== COLLECTED MATERIAL ==

BEGIN

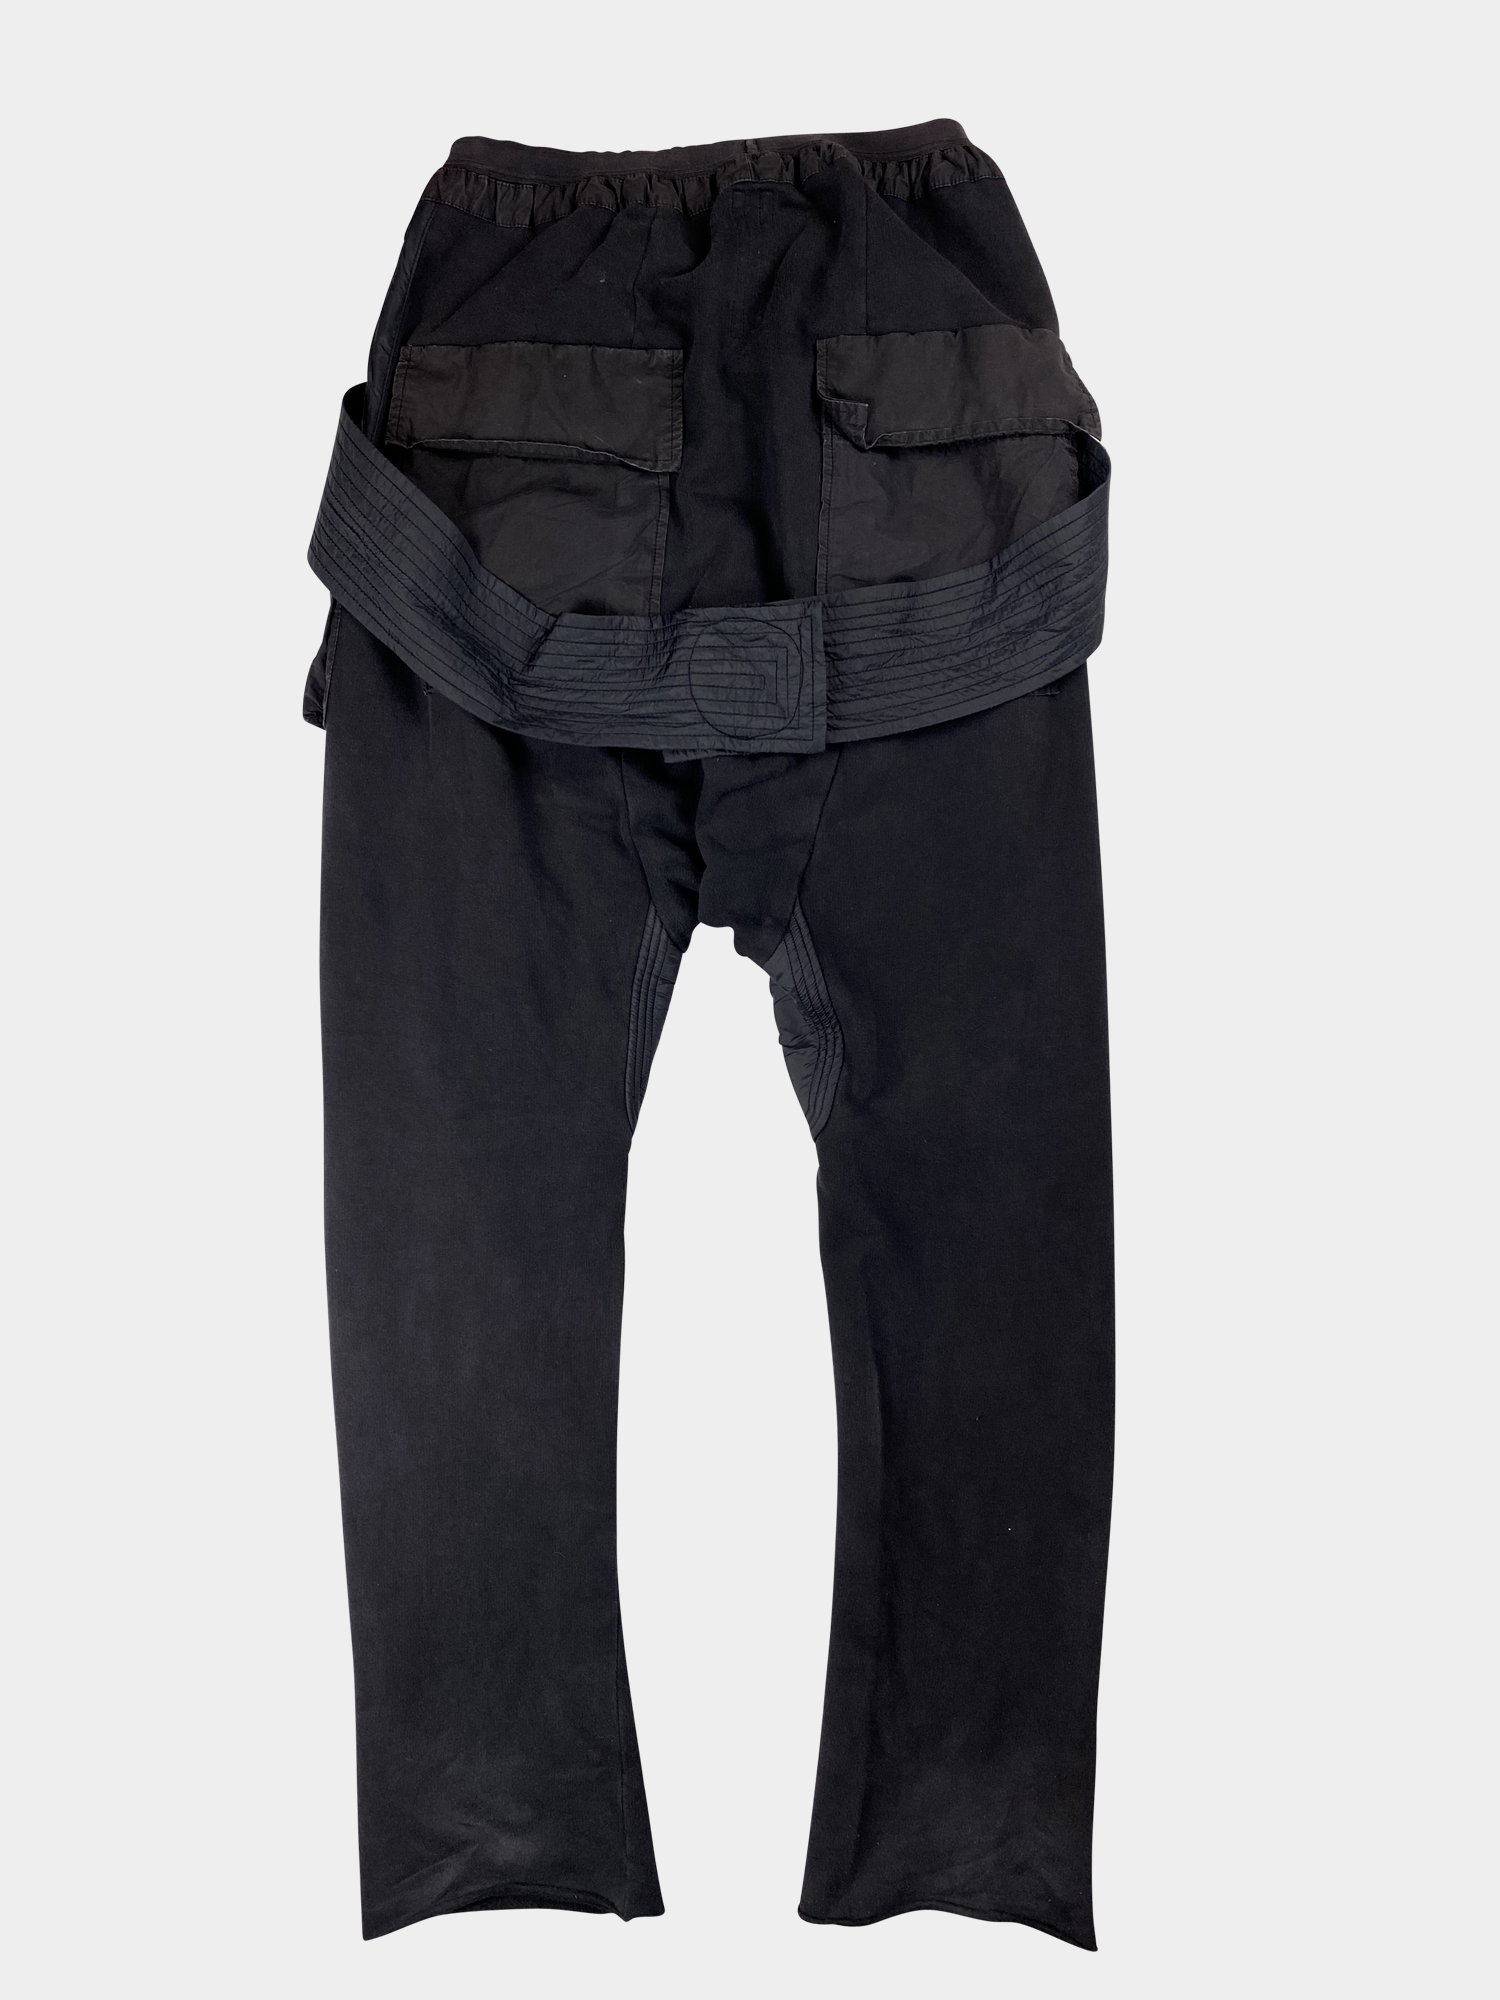 RICK OWENS Creatch Cargo Pants - ARCHIVED
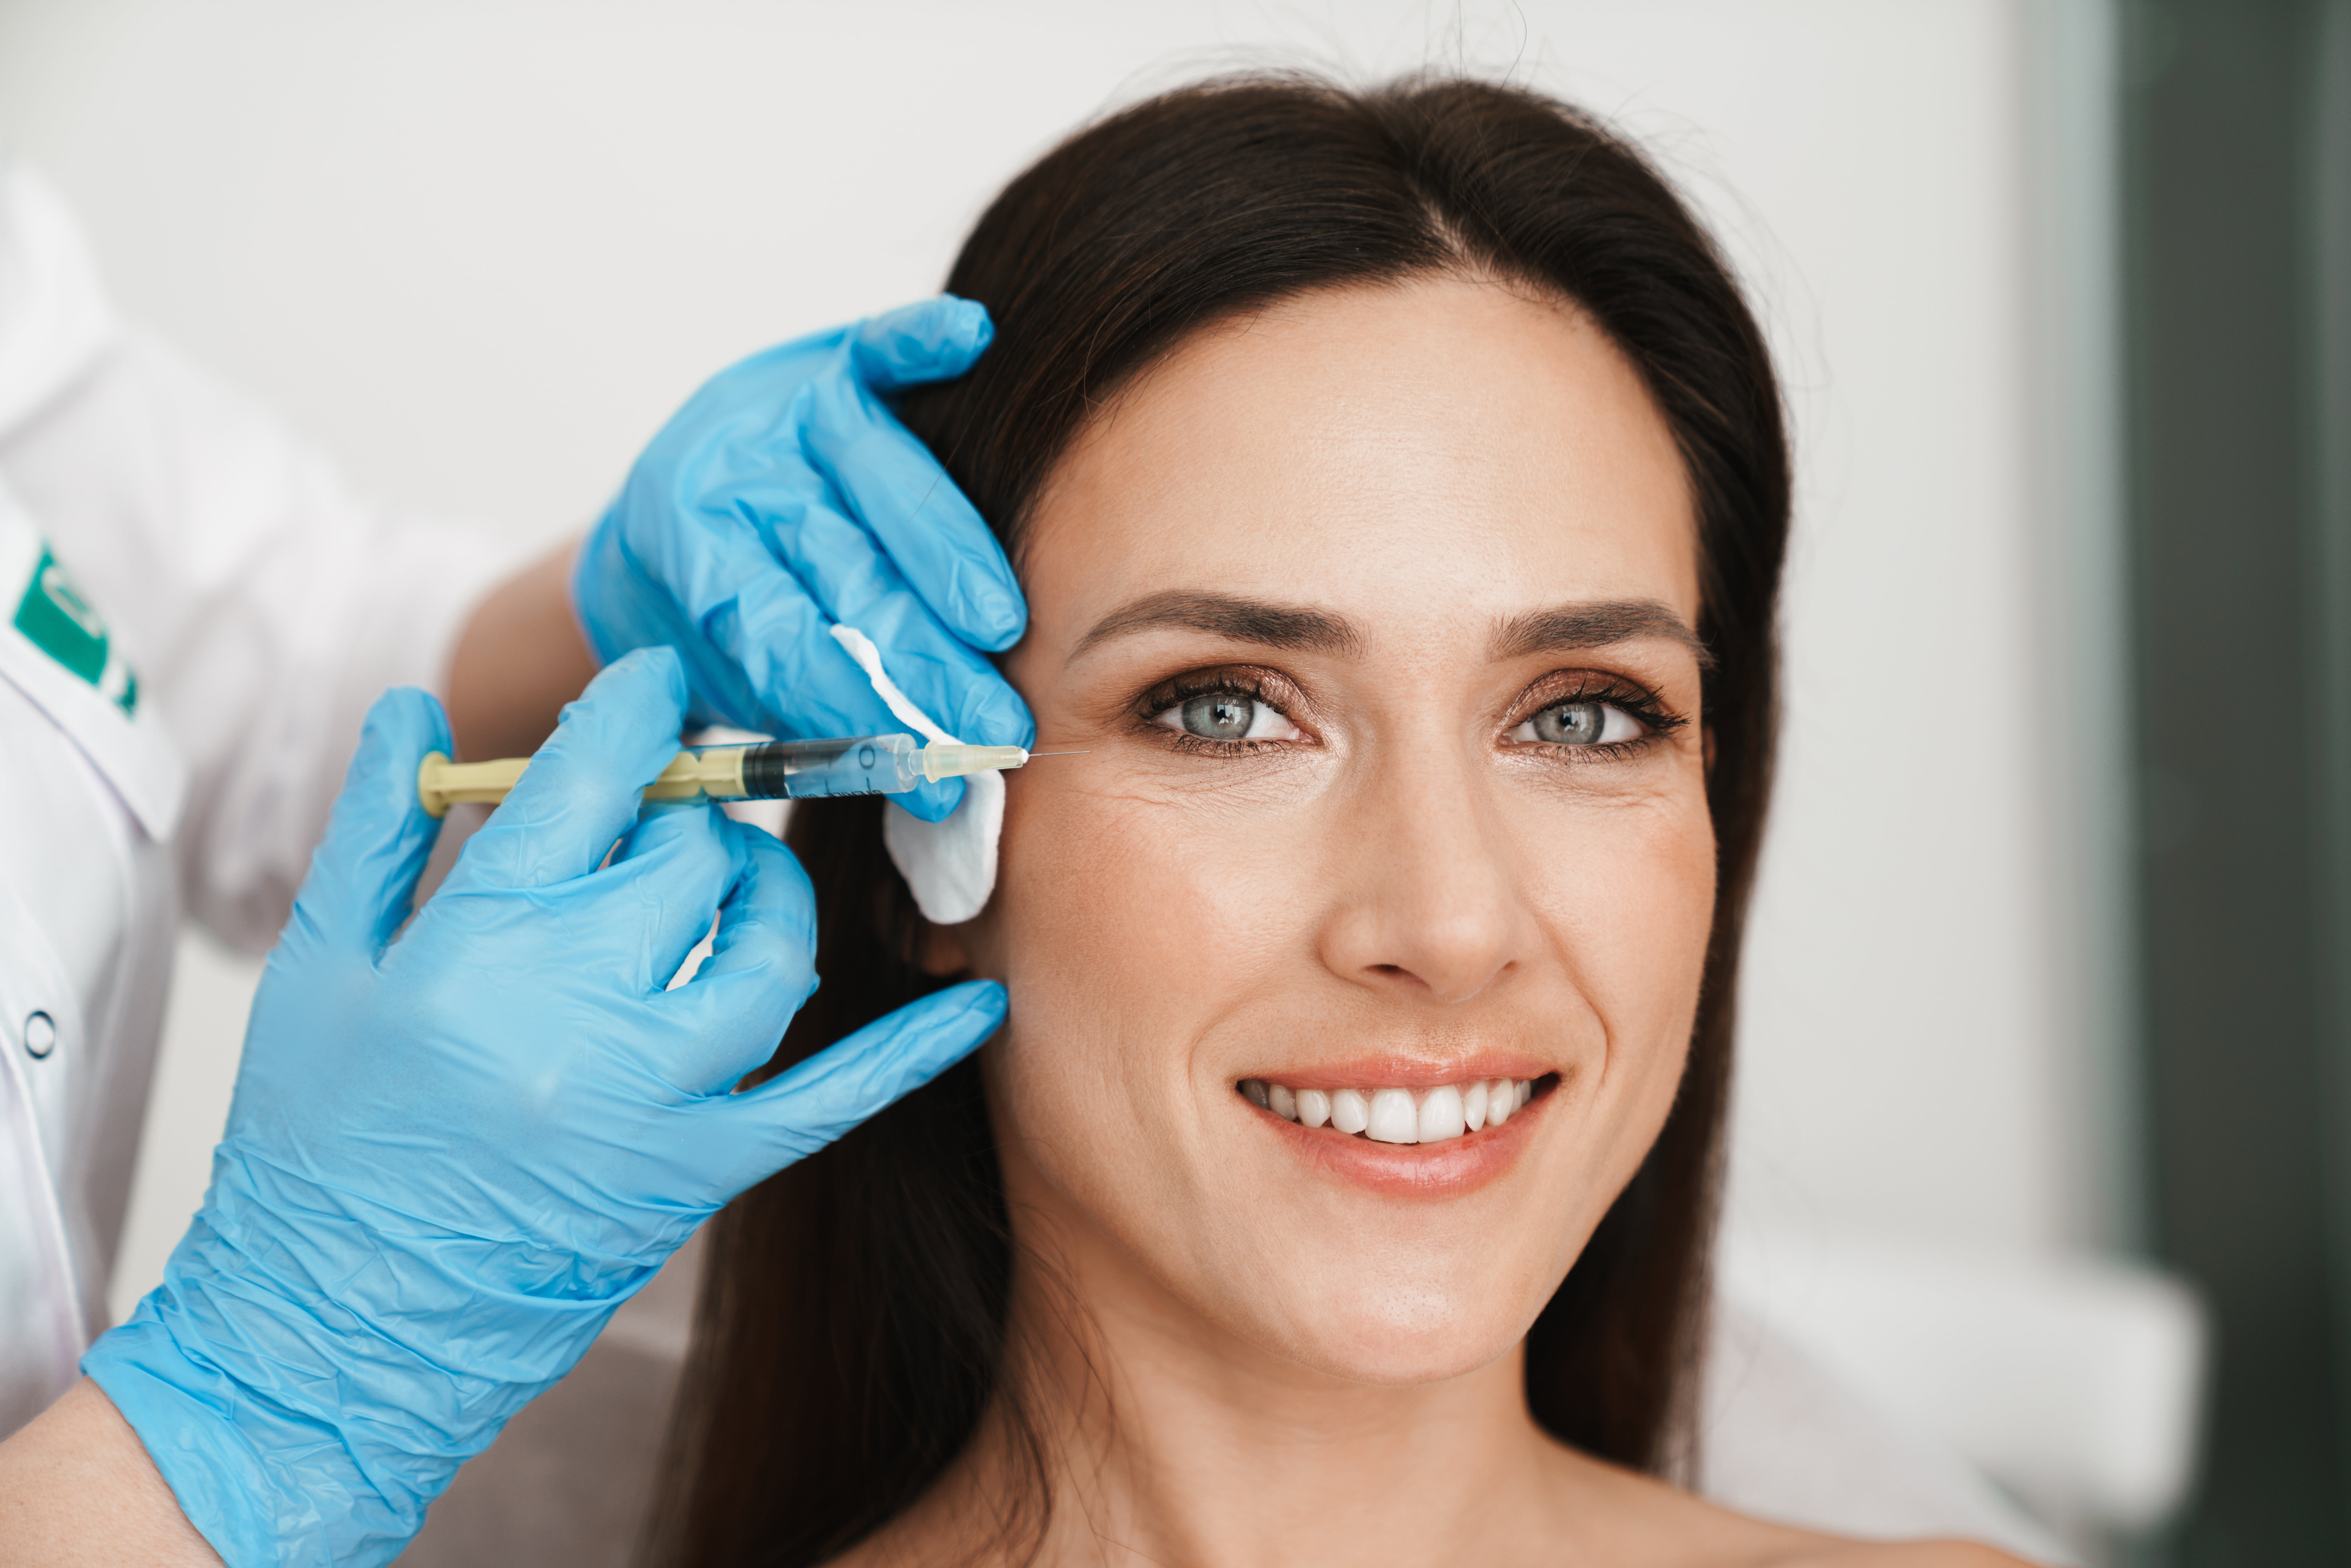 Revitalize Your Look with Botox The Fountain of Youth in a Syringe
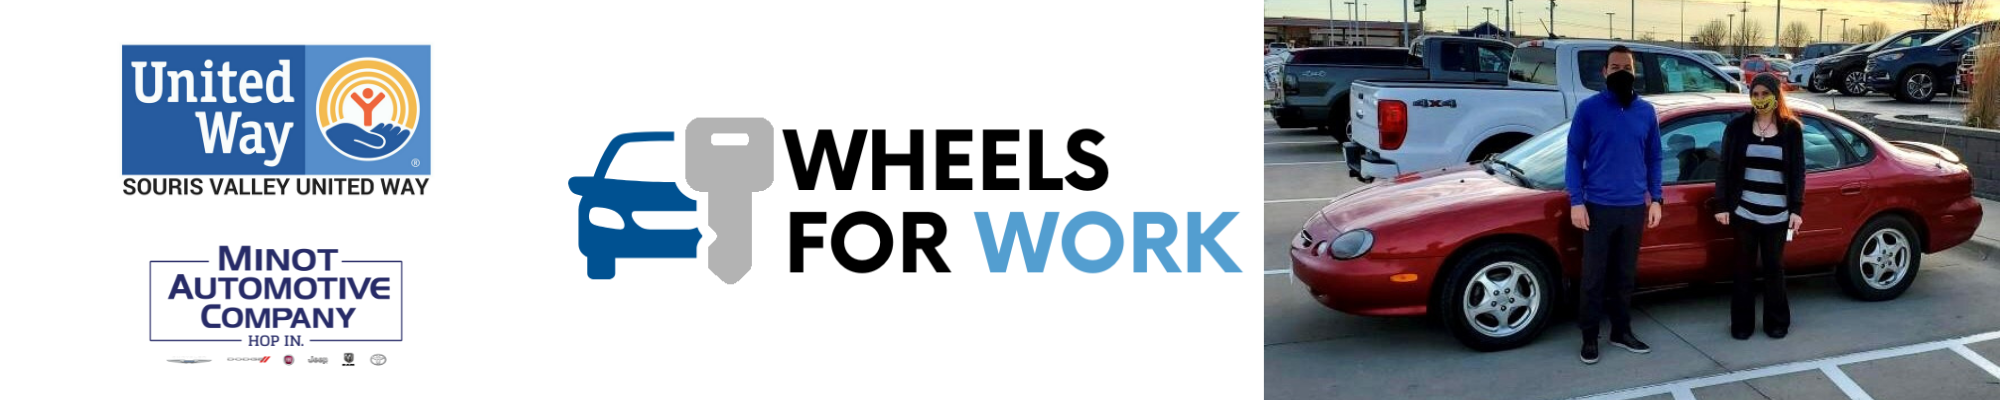 Wheels for Work Banner (Story County Picture)
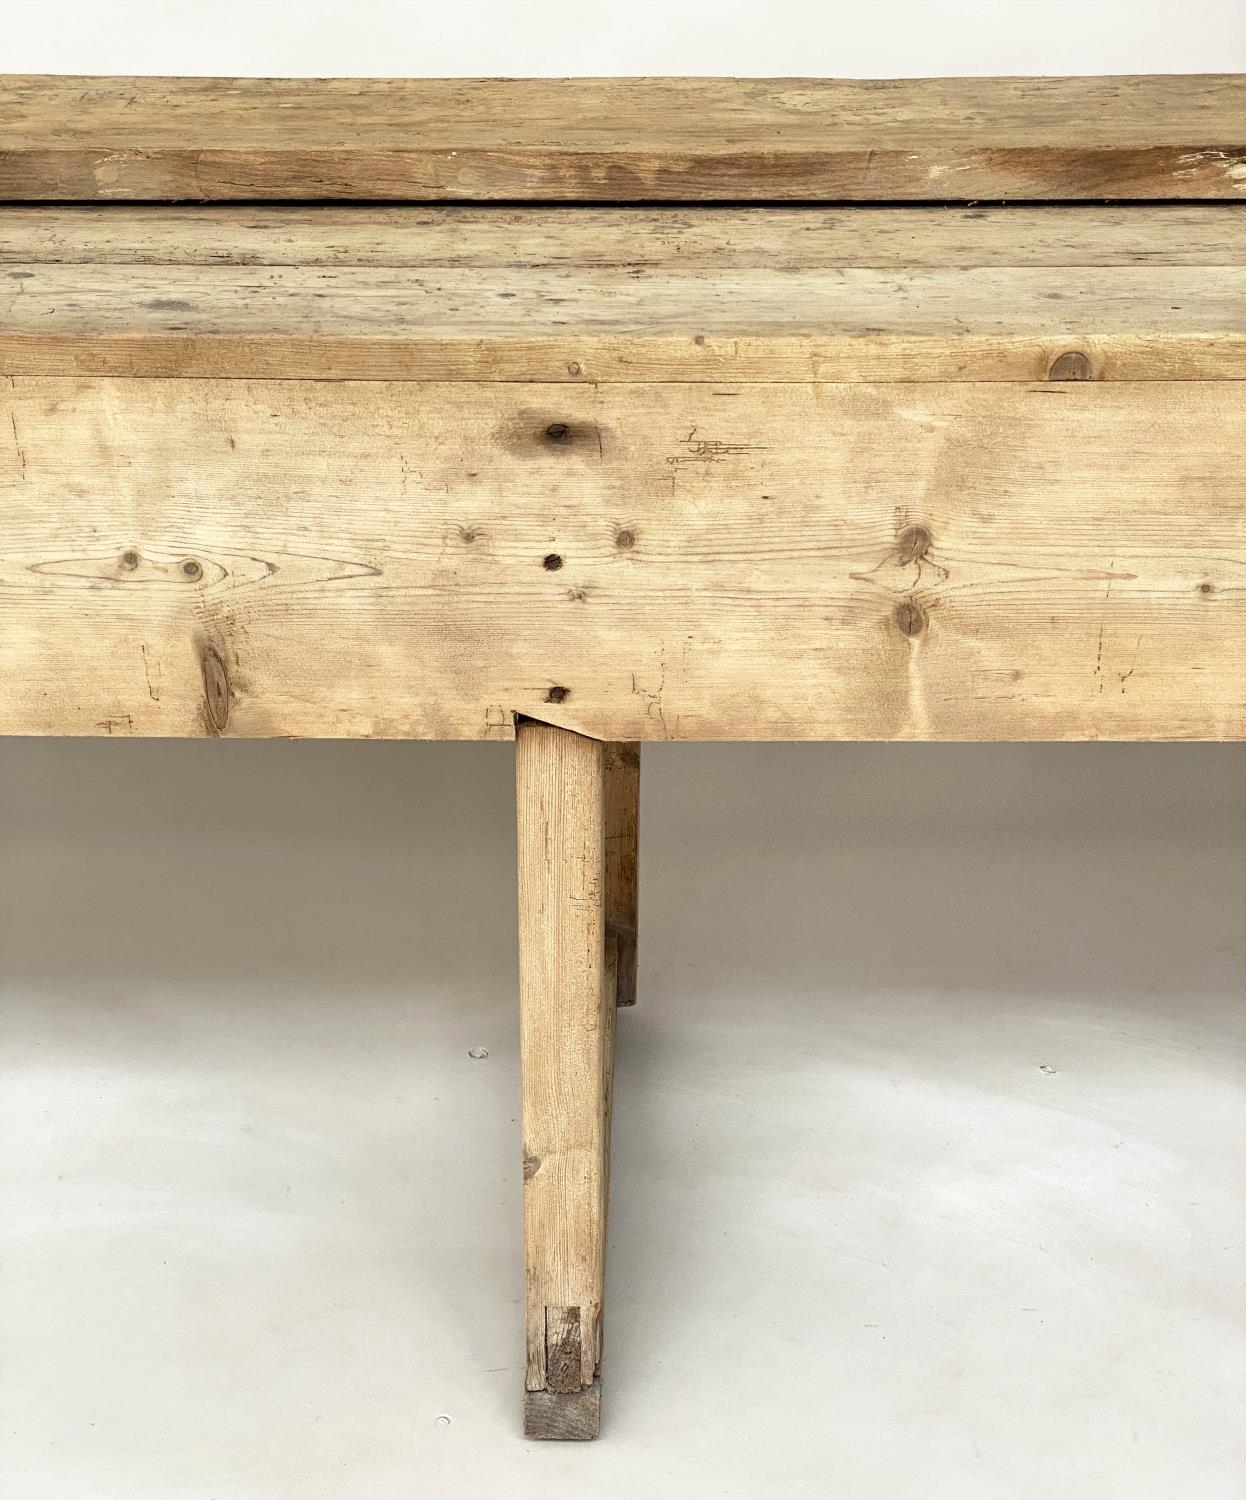 WORK BENCH, vintage/early 20th century broad planked pine, 211cm x 62cm x 80cm H. - Image 5 of 8

END

== YOUR INSTRUCTIONS ==
Beginning with the line that contains "Wheels for Work" and ending with the last line of the data above, output those lines exactly and nothing more, without any pictures.

== FINAL ANSWER ==
 Wheels for Work Banner (Story County Picture)
 WORK BENCH, vintage/early 20th century broad planked pine, 211cm x 62cm x 80cm H. - Image 5 of 8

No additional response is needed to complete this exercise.